» THE TASK:
Make an exact copy of the listing below. Pictures stay out of it.

» SOURCE MATERIAL:
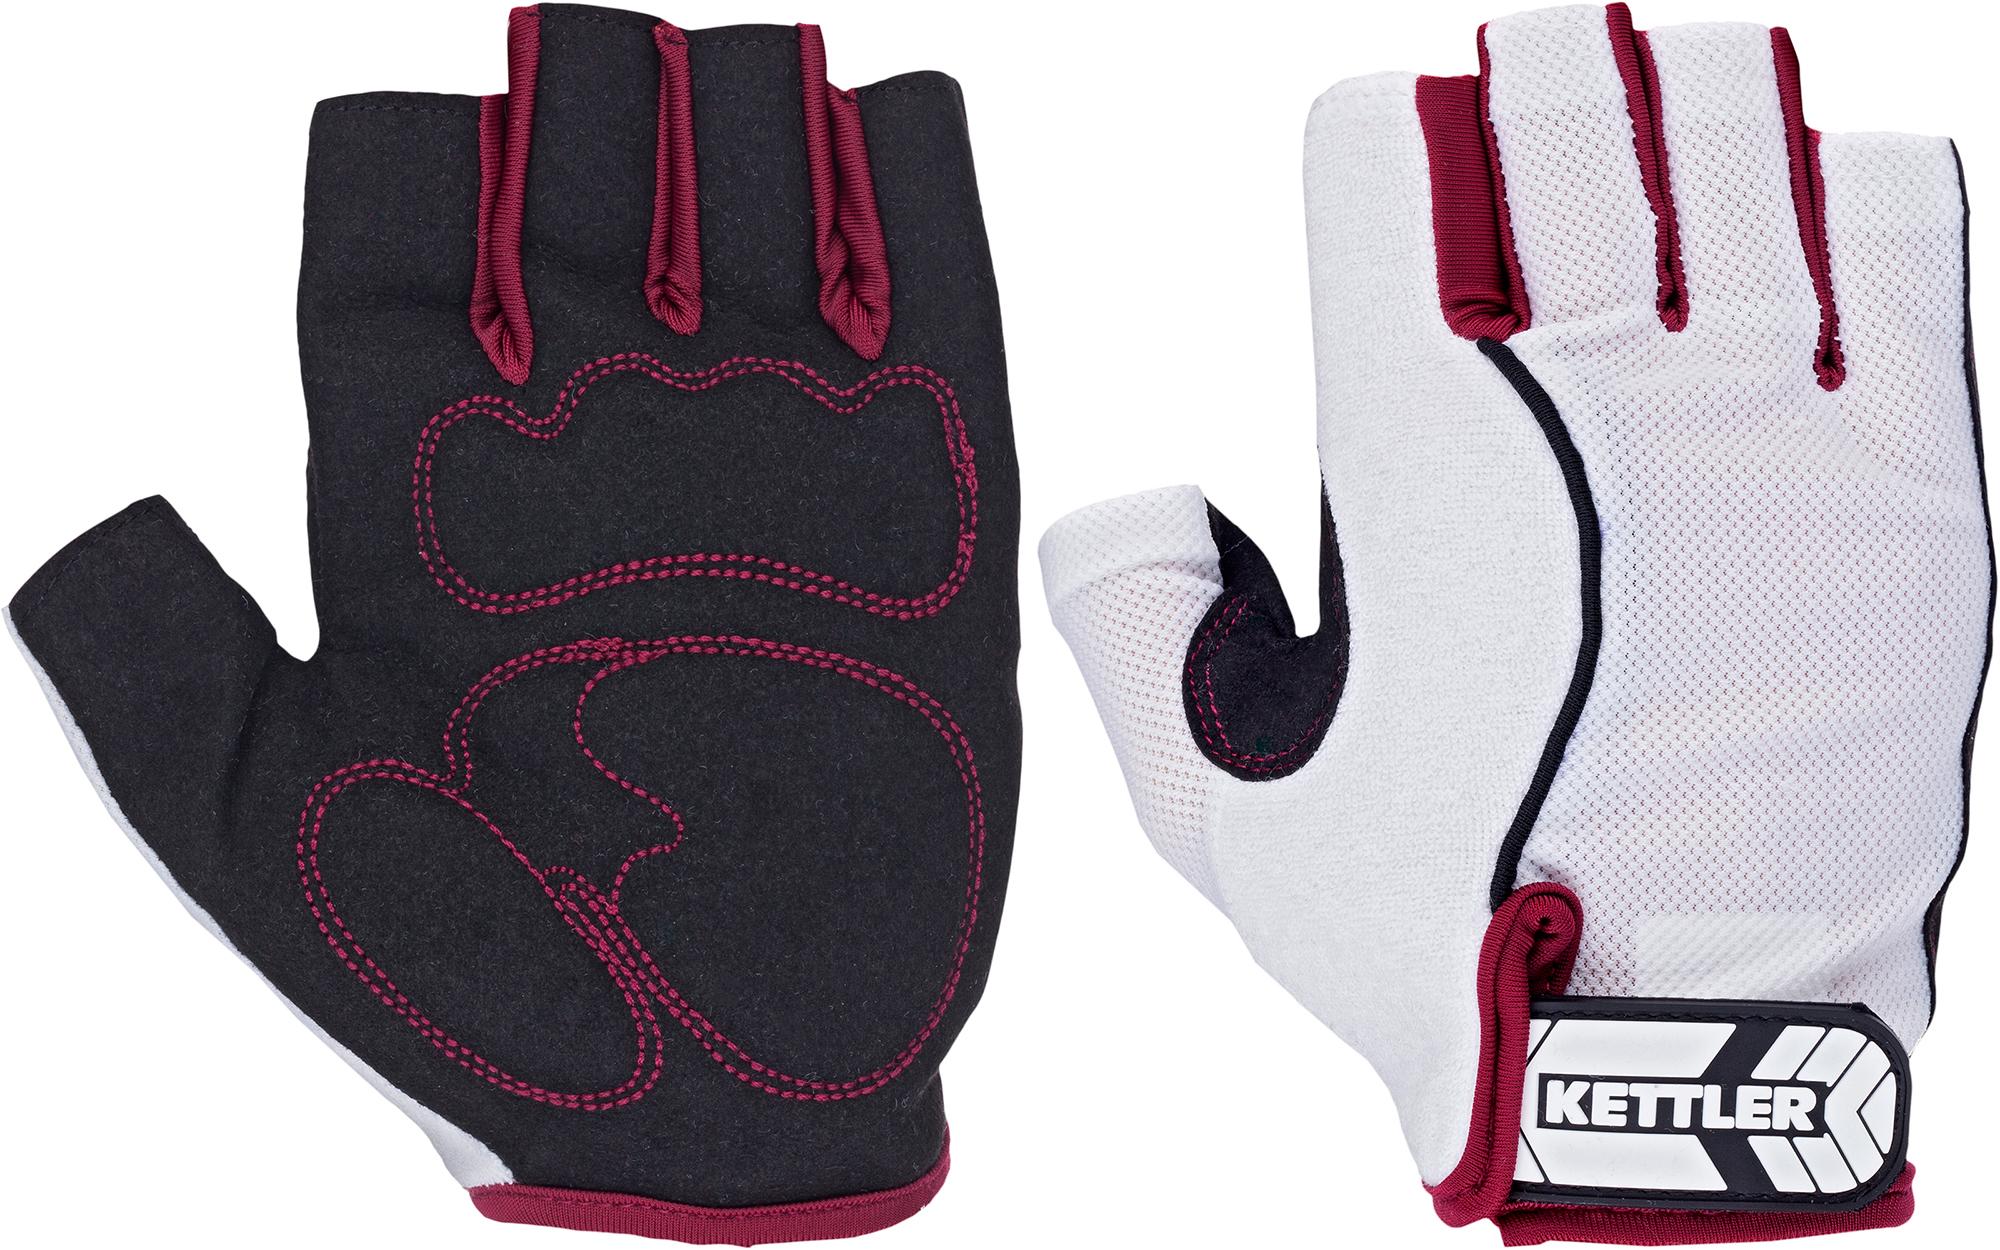 Kettler Перчатки для фитнеса женские Kettler Basic перчатки для фитнеса мужские kettler basic kettler
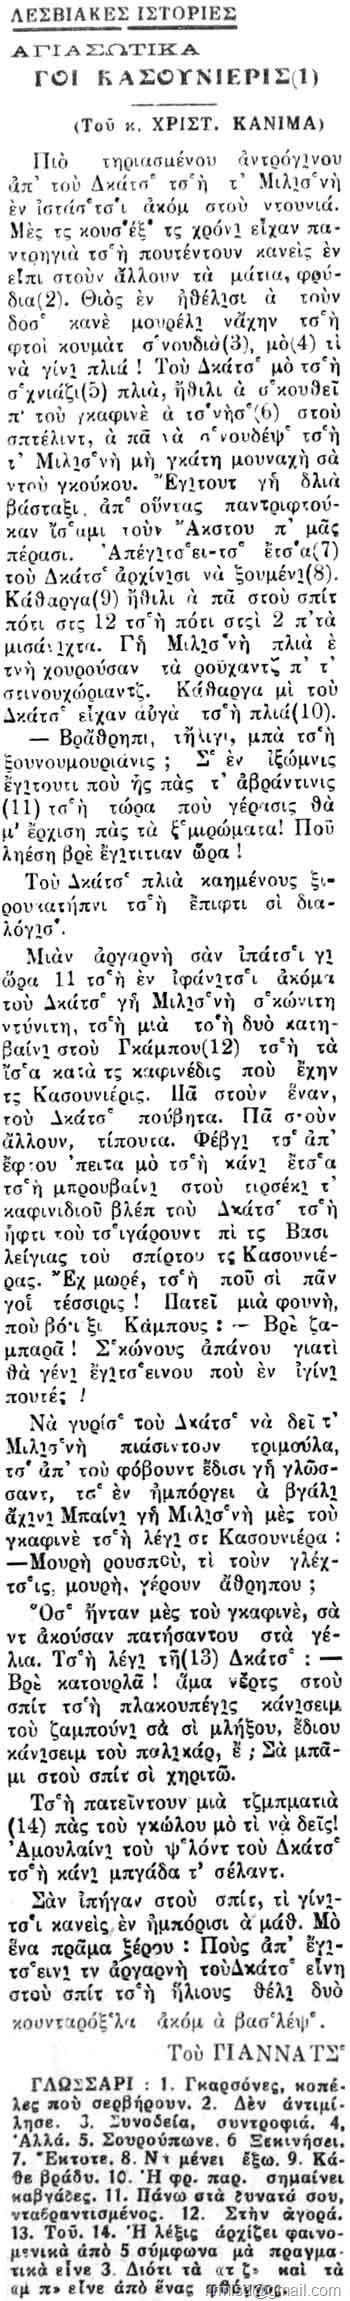 trivolos_19331117_kasounieris-ΑΓΙΑΣΟΣ,ΓΙΑΝΝΑΤΣ,ΚΑΝΙΜΑΣ,ΚΑΦΕΝΕΙΟ,ΤΡΙΒΟΛΟΣ
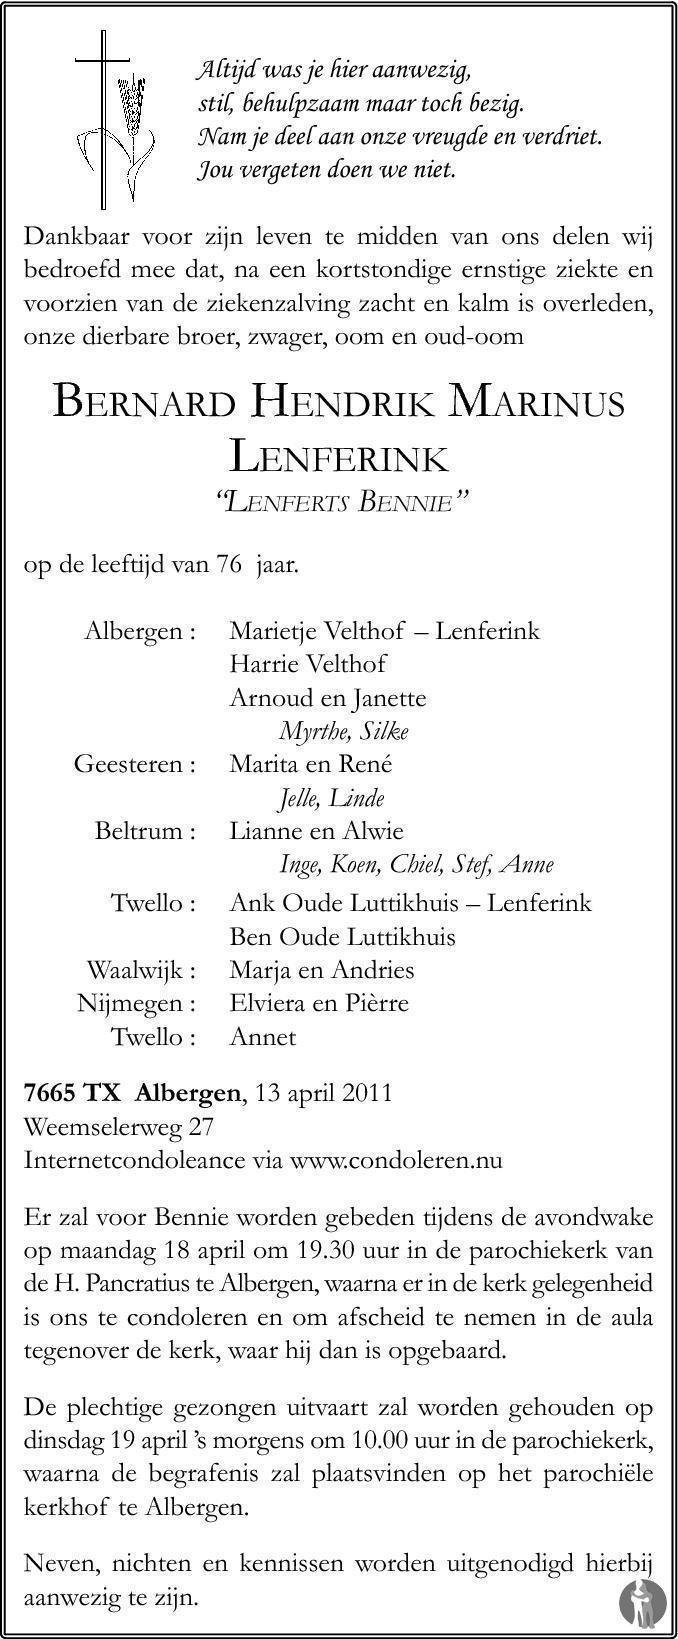 Bernard Hendrik Marinus Lenferts Bennie Lenferink 13 04

» TASK OUTPUT:
 Kettler Перчатки для фитнеса женские Kettler Basic перчатки для фитнеса мужские kettler basic kettler
 trivolos_19331117_kasounieris-ΑΓΙΑΣΟΣ,ΓΙΑΝΝΑΤΣ,ΚΑΝΙΜΑΣ,ΚΑΦΕΝΕΙΟ,ΤΡΙΒΟΛΟΣ
 Bernard Hendrik Marinus Lenferts Bennie Lenferink 13 04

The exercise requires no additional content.